Kleat picked up the theme. “This is what I've been saying. We're here. It's ours.” He dripped solvent onto a patch and pumped the rod down the barrel.

“We'll come back again,” Duncan said, “but on our terms, not theirs.” He gestured at the brothers. “We can get them to drive us down to one of the towns, and bring us back with supplies to last us through the next six months. That gives us the monsoon.”

“And what makes you think they'll keep the big secret down in town?” said Kleat.

“They won't. That's a given. They're human. They're poor. We're in a race against time. Which makes you, Molly, the most important one of us. Everything depends on you. You can document the city before the jackals pick it clean. It's not just these guys. Once the news breaks, the Cambodian army and government will step in. That's when the real looting begins. You're our witness to all the greatness the way it is. It means staying through the rains, though. I'd send the drivers away before the river swelled. After that, we'd be shut inside, alone.”

“Yes,” she answered him, though he hadn't asked the question. Yes, she wanted to be here. Shut inside.
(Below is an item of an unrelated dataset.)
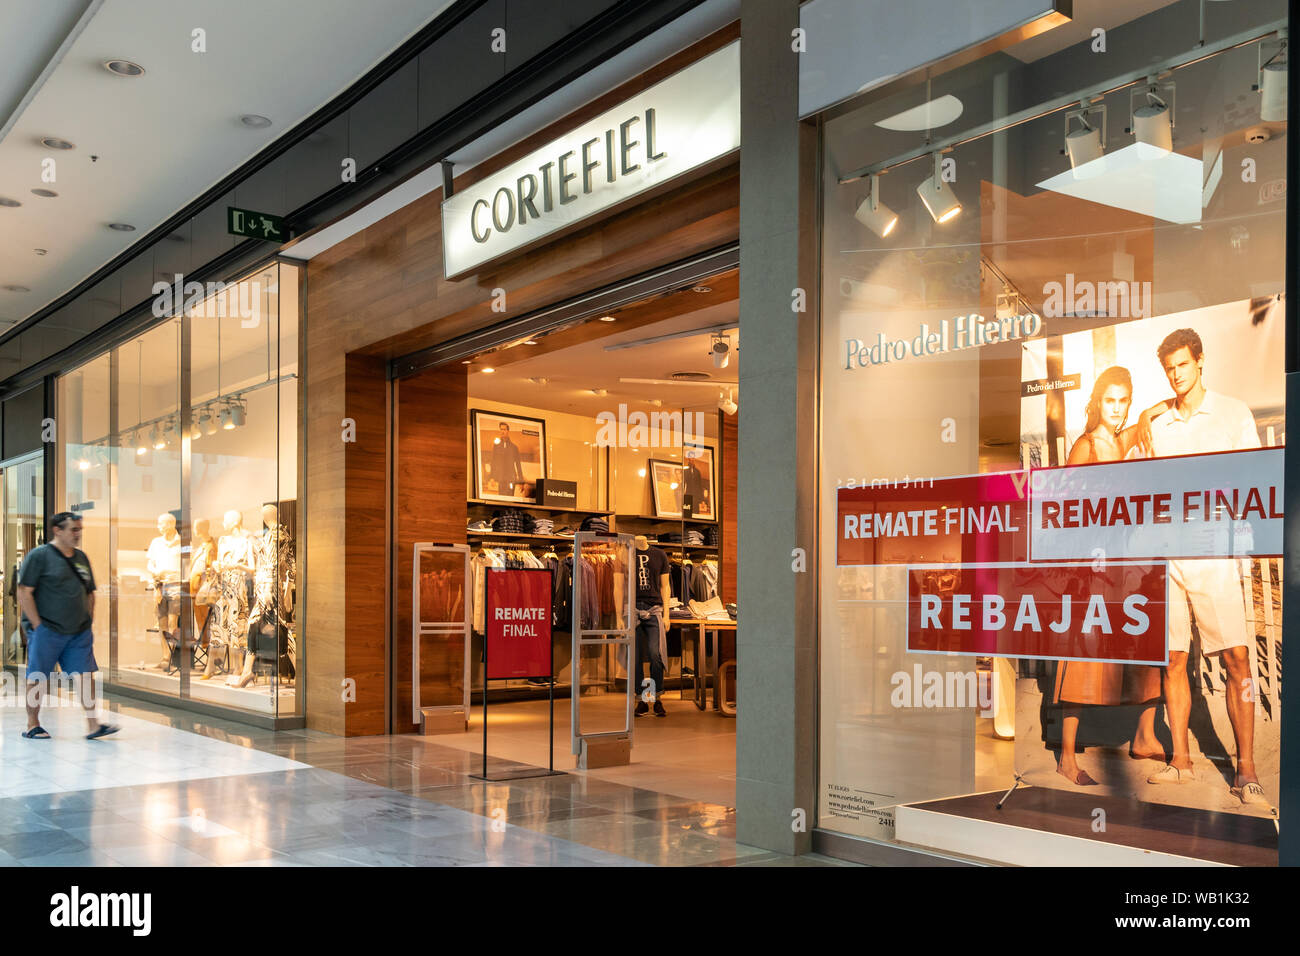 Santiago de Compostela, España; 22 de agosto de 2019: Cortefiel store en el centro comercial como Cancelas Fotografía de stock Alamy
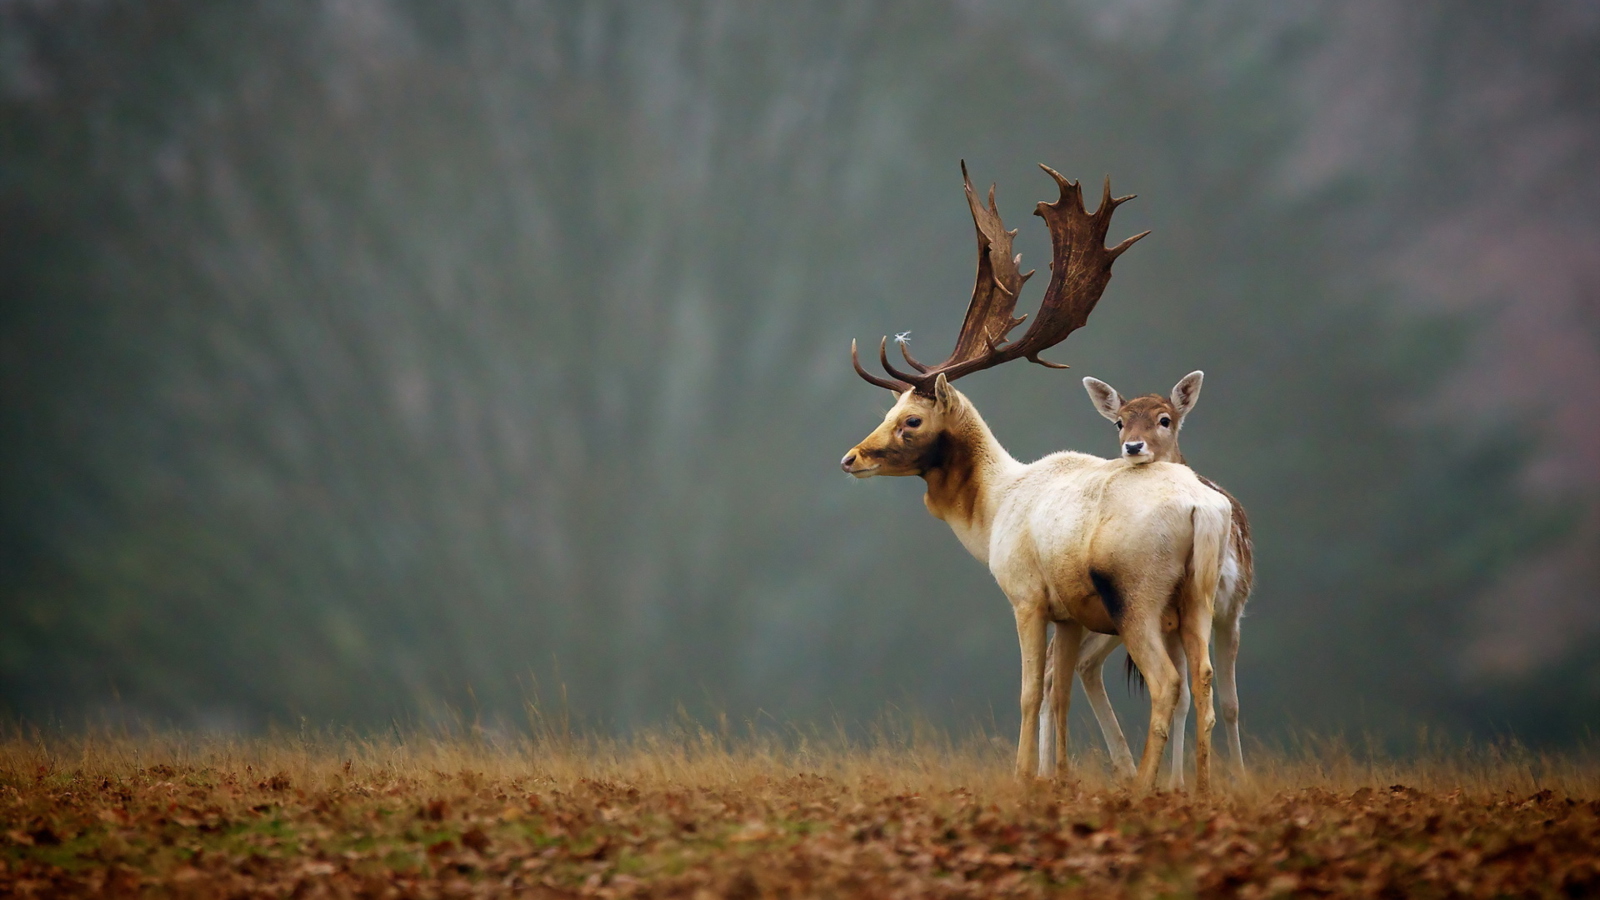 Обои Deer Family 1600x900

Alone.

“Get all the snapshots you want,” Kleat said, “while we search for the men. They come first. There's not going to be any mission creep here. We came for the bones, not a city. We can beat the rains. Once I have the bones, this pile of rocks is all yours. You two can stay until kingdom come, I don't care.” He started assembling the pistol.

“We can spend the next few days preparing,” said Duncan. “And the next six months exploring.”

“You and your city,” Kleat said. He fit the spring onto the barrel. “What about the men?”

“If they're here, we'll find them.”

“There's no if. They're here. And we're here. And we're staying.”

Molly dabbed at the sweat trickling down her temples. Was she getting sick?

Now was her turn to try reasoning with Kleat. “What if we can't find them before the rain comes? Duncan has a point. It's the difference between having a few days to search or having six months.”

“I need this.” For a moment Kleat sounded desperate. “Before it's too late.”

“I don't understand.”

“The captain will come, or someone like him,” Kleat said. “Once they hear it's us up here, they'll come to take it over. The river won't stop them, they'll fly right over it and banish us again. And that's not happening. They had their chance.”

“Their chance?”

“These bones belong to me,” Kleat declared. He fit the barrel into the frame with a metallic
click-clack.

Molly and Duncan exchanged a look. The bones belonged to him? “John,” Duncan said quietly. “That's not right. What about your talk of honor?”

“One buys the other,” Kleat said. “These dead buy my dead. It's the only way I'll ever find my brother.”

Molly remembered Luke laughing—barking like a monkey—at the claim that Kleat had a brother.

“That's why you're here?” said Duncan.

“The captain sent us off like traitors. Here's their wake-up call. Every year, the missing die a little more. Wives remarry. Children grow up and forget. New wars eclipse the old ones. Soon it will be too late.”

“What do you think the captain and his people are doing in the dirt and mud and sun?” said Duncan. “Searching for the lost ones.”

“They need to search harder, then. With the bones to shame them, I can make America sit up and listen. That's why you're important,” he said to Molly. “You and your newspapers. Shame them. Destroy the old rule. We need fresh blood. New direction. My brother is out there somewhere, and one way or another I'm going to take him home.”

The fire crackled outside. No one spoke for a minute.